Okay, we are all familiar with kilobytes, megabytes, gigabytes and the like. Most of us know that a kilobyte is approximately a thousand bytes. And that is accurate enough for most purposes. But what if you need to need to deal with these numbers a bit more accurately?
A kilobyte is exactly 1,024 bytes. So why not 1,000 bytes? Computers use binary to generate numbers. So memory addresses are naturally a power of two. 1,000 is not a power-of-two number, but 1,024 is.
Just as a million is a thousand times a thousand, a megabyte is a kilobyte times a kilobyte, or 1,048,576 bytes. Again, close enough to a million for many purposes but not exactly a million.
Here are the values for some power-of-two numbers.

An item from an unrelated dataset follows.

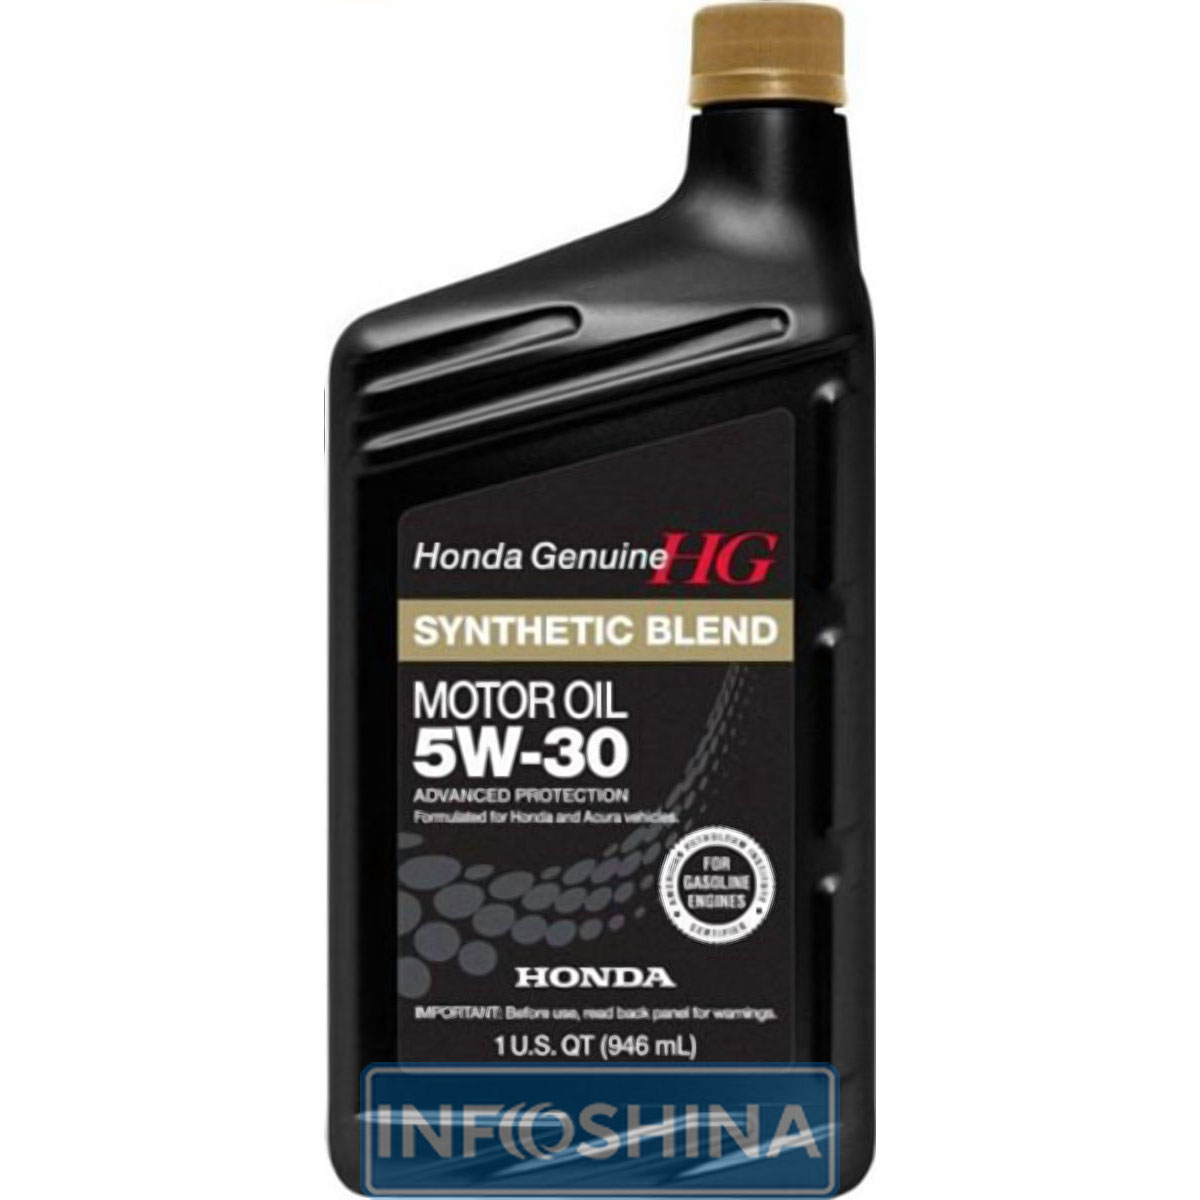 Купить масло Honda Synthetic Blend 5W-30 (1л)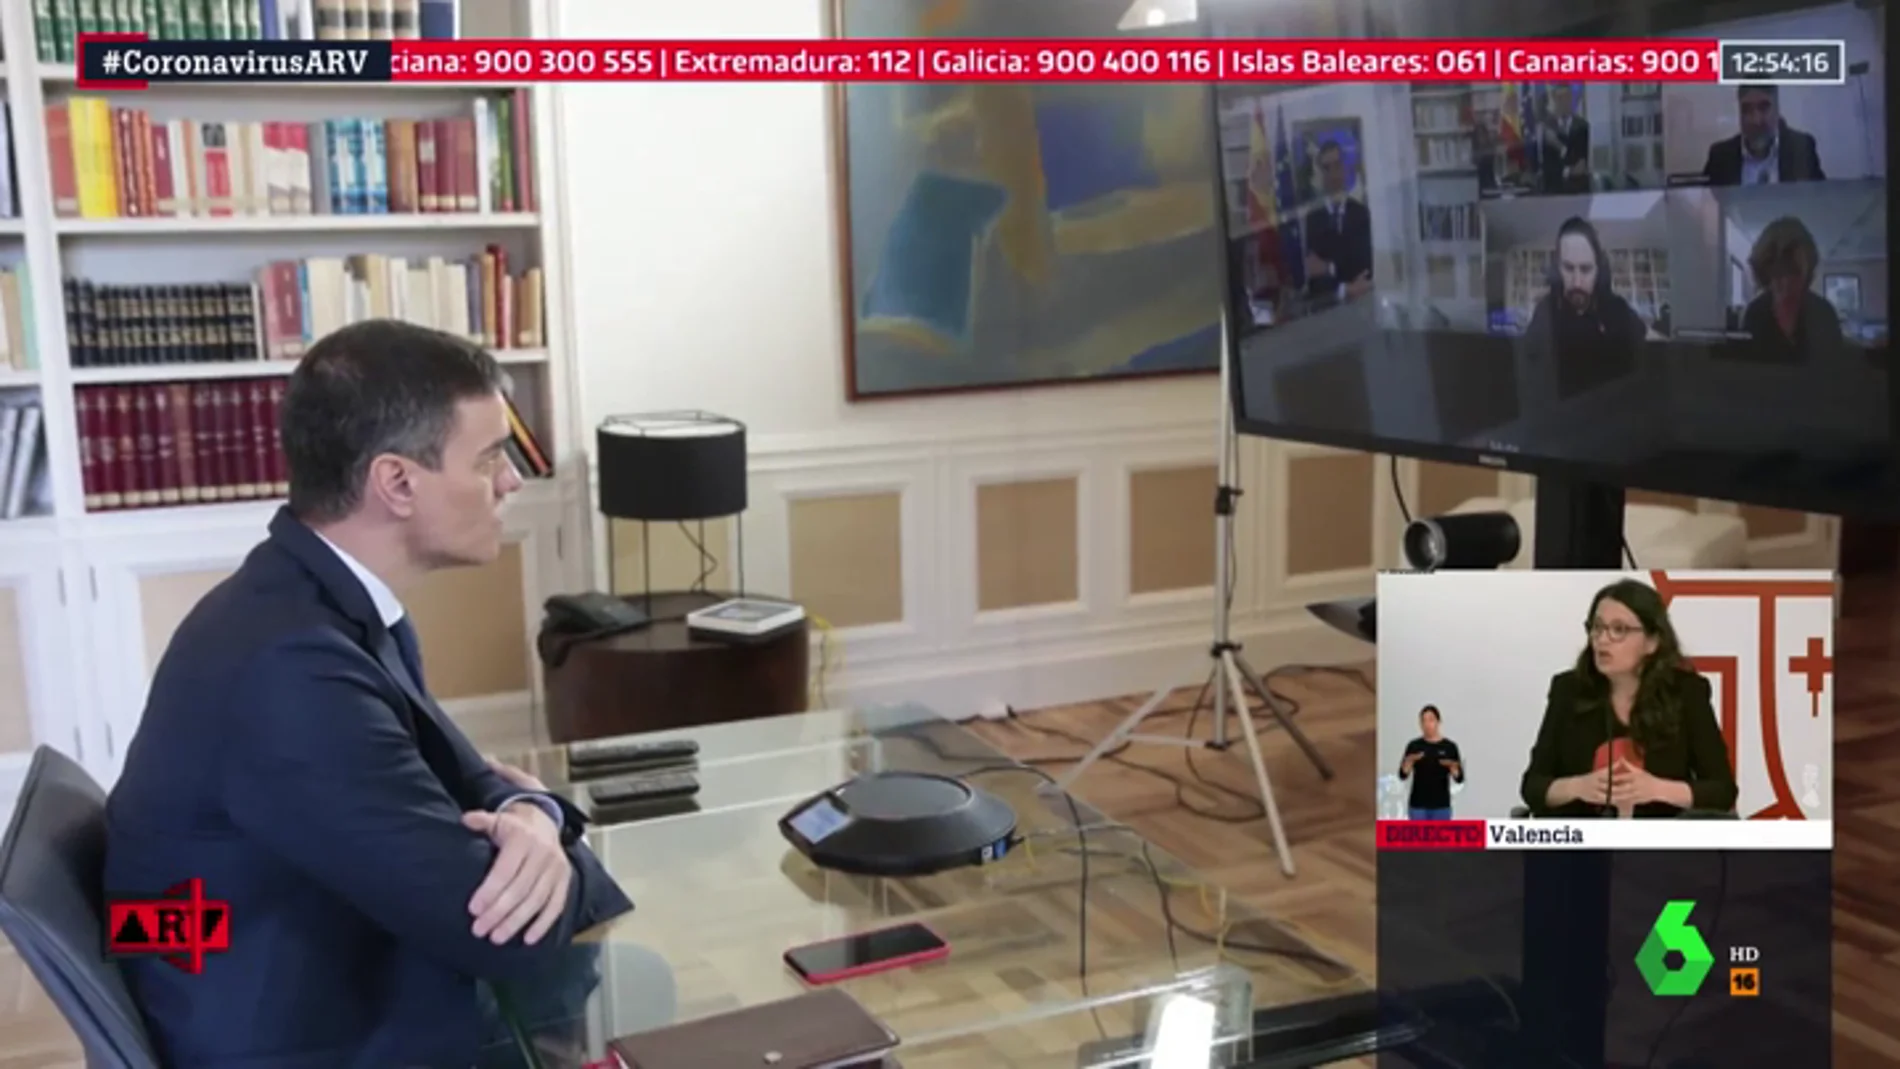 La imagen institucional de la crisis por coronavirus: reunión por videoconferencia entre Sánchez y sus ministros

| Number | Abbreviation | Value |
| 1 Kilobyte | KB | 1,024 Bytes |
| 1 Megabyte | MB | 1,048,576 Bytes |
| 1 Gigabyte | GB | 1,073,741,824 Bytes |
| 1 Terabyte | TB | 1,099,511,627,776 Bytes |
| 1 Petabyte | PB | 1,125,899,906,842,624 Bytes |
| 1 Exabyte | EB | 1,152,921,504,606,846,976 Bytes |
I was working on an MFC application recently and needed to define some large numbers that I felt would be more efficient if the numbers were a power of two. I ended up defining the following C++ macros.
#define KB(n) (((UINT64)0x400)*((UINT64)(n)))
#define MB(n) (((UINT64)0x100000)*((UINT64)(n)))
#define GB(n) (((UINT64)0x40000000)*((UINT64)(n)))
#define TB(n) (((UINT64)0x10000000000)*((UINT64)(n)))
#define PB(n) (((UINT64)0x4000000000000)*((UINT64)(n)))
#define EB(n) (((UINT64)0x1000000000000000)*((UINT64)(n)))
Macros to make it easy to declare large power-of-two numbers.
These macros make it easy to exactly declare a large number. For example, if I want to define four gigabytes, I can simply say GB(4).
Nothing complicated here. But if you need to make use of these numbers, it’s nice to have a table of actual values along with some handy helper macros.